[Dataset records]

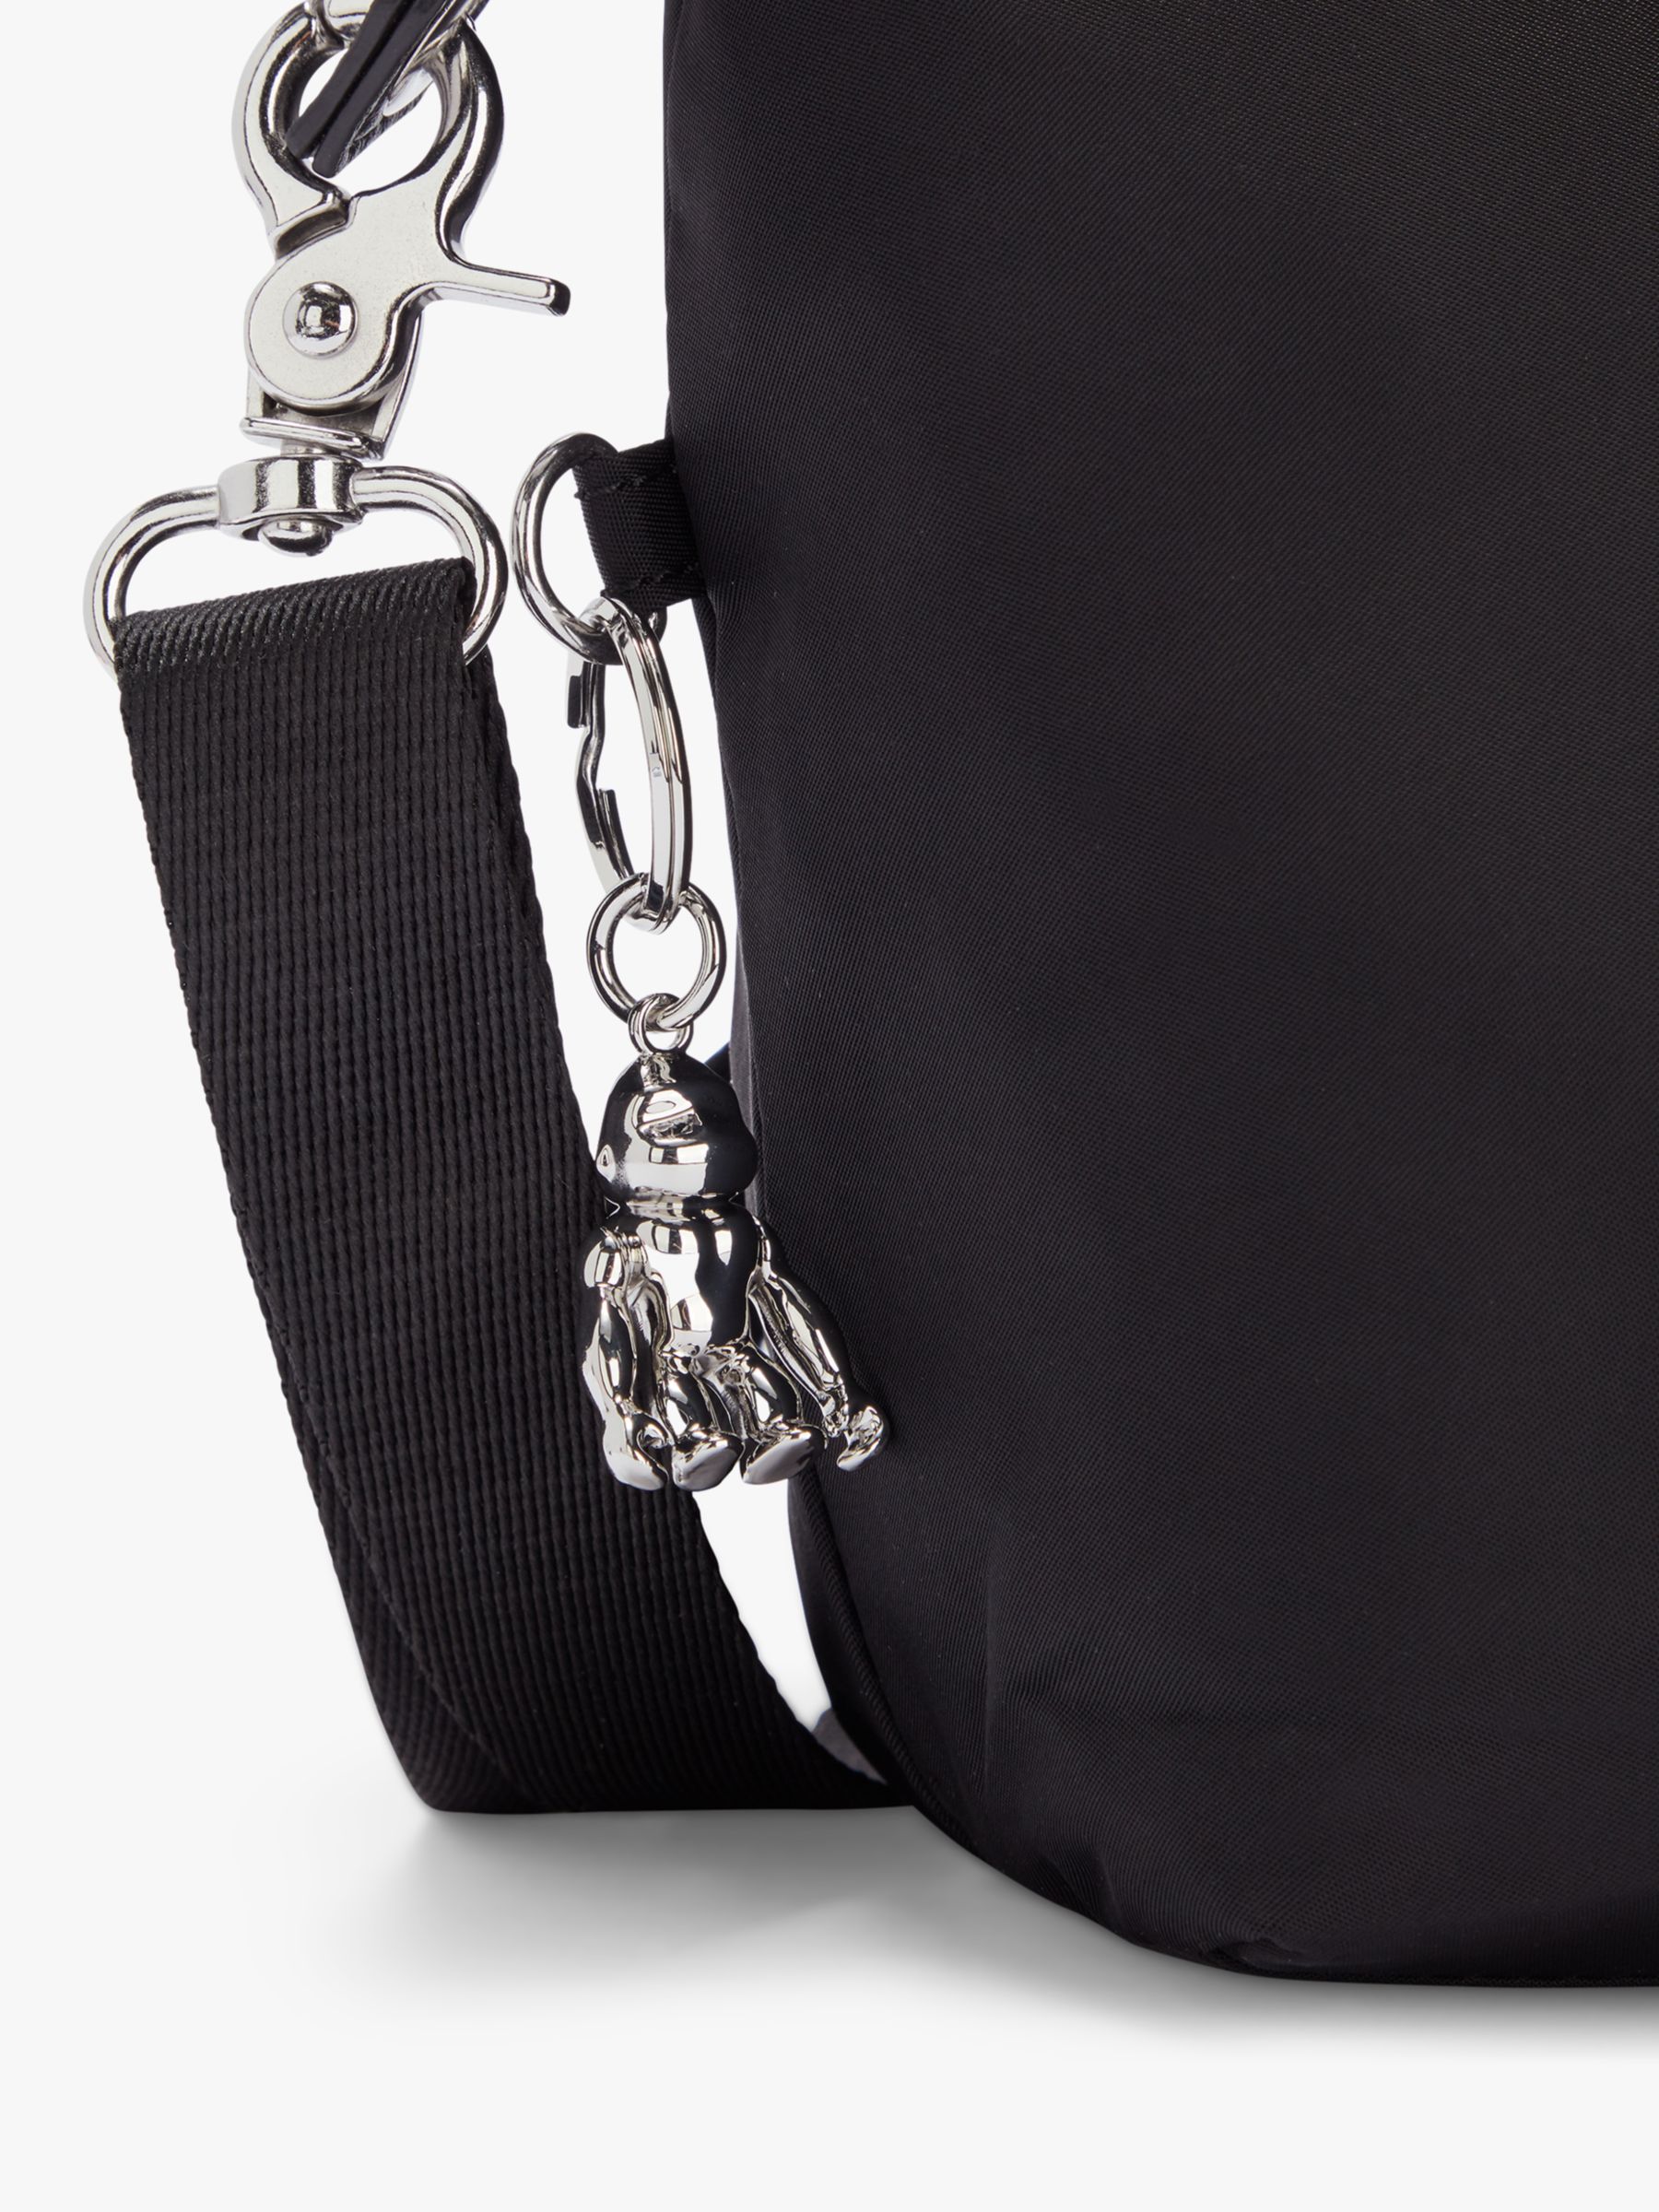 Kipling Kala Compact Multiway Bag, Paka Black at John Lewis & Partners
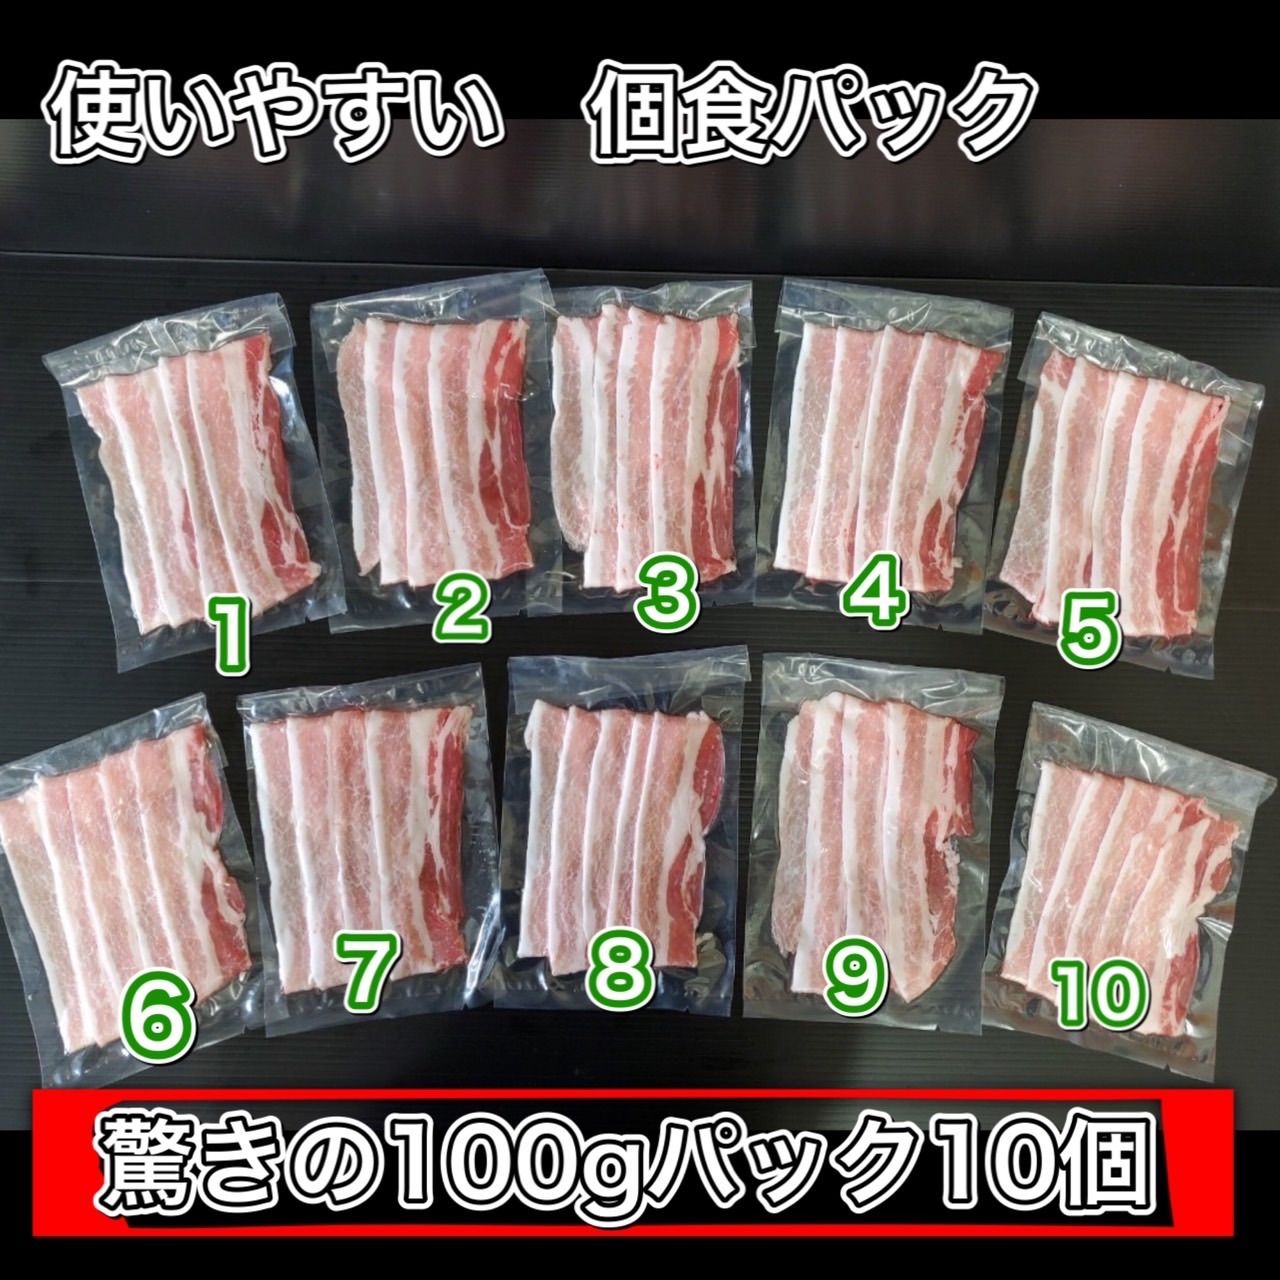 【家庭応援】 豚バラうす切り1kg✨超小分けの100グラム❗️高品質輸入産地-1
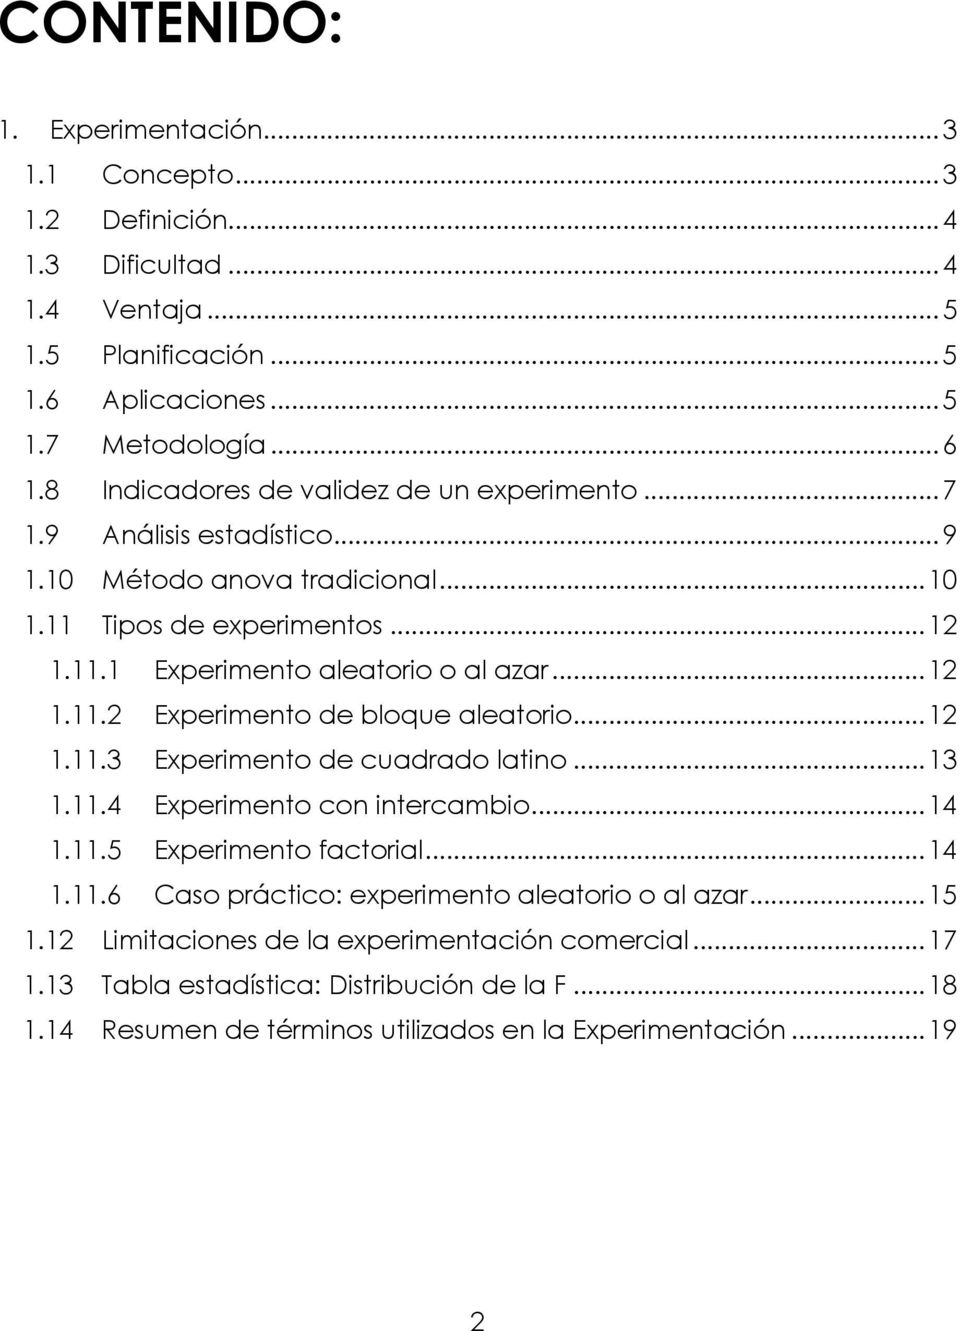 ..1 1.11.3 Experimento de cuadrado latino...13 1.11.4 Experimento con intercambio...14 1.11.5 Experimento factorial...14 1.11.6 Caso práctico: experimento aleatorio o al azar...15 1.
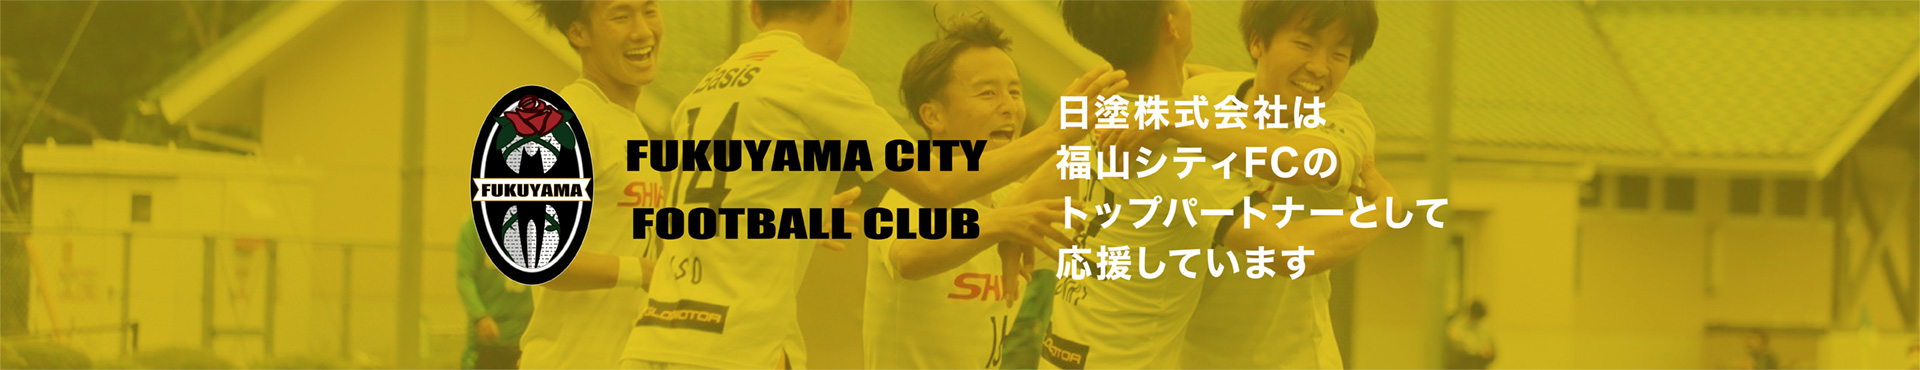 日塗株式会社は福山シティFCのトップパートナーとして応援しています
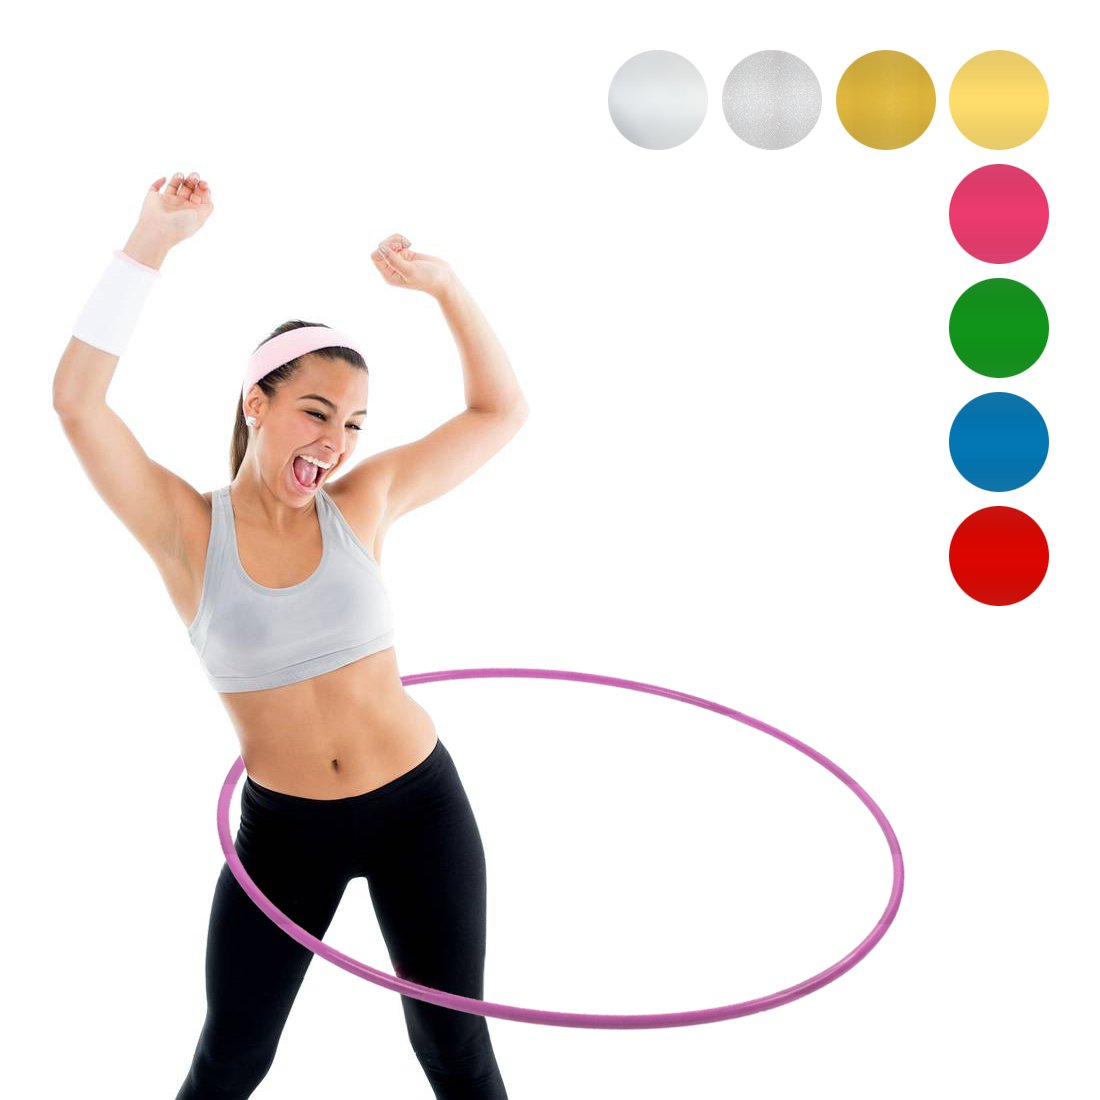 NiroSport Hula Hoop Fitnessreifen für Kinder und Erwachsene, bruchsicheres Aluminium, 90 cm Durchmesser, 360 Gewicht (Rosa)

### Exercise goal
Set down the lines from the one containing "al azar...15 1." through the last line of the records above, both included, exactly as they appear and with no other text. Pictures should not be set down.

### Response area
 ..1 1.11.3 Experimento de cuadrado latino...13 1.11.4 Experimento con intercambio...14 1.11.5 Experimento factorial...14 1.11.6 Caso práctico: experimento aleatorio o al azar...15 1.
 日塗株式会社は福山シティFCのトップパートナーとして応援しています
 NiroSport Hula Hoop Fitnessreifen für Kinder und Erwachsene, bruchsicheres Aluminium, 90 cm Durchmesser, 360 Gewicht (Rosa)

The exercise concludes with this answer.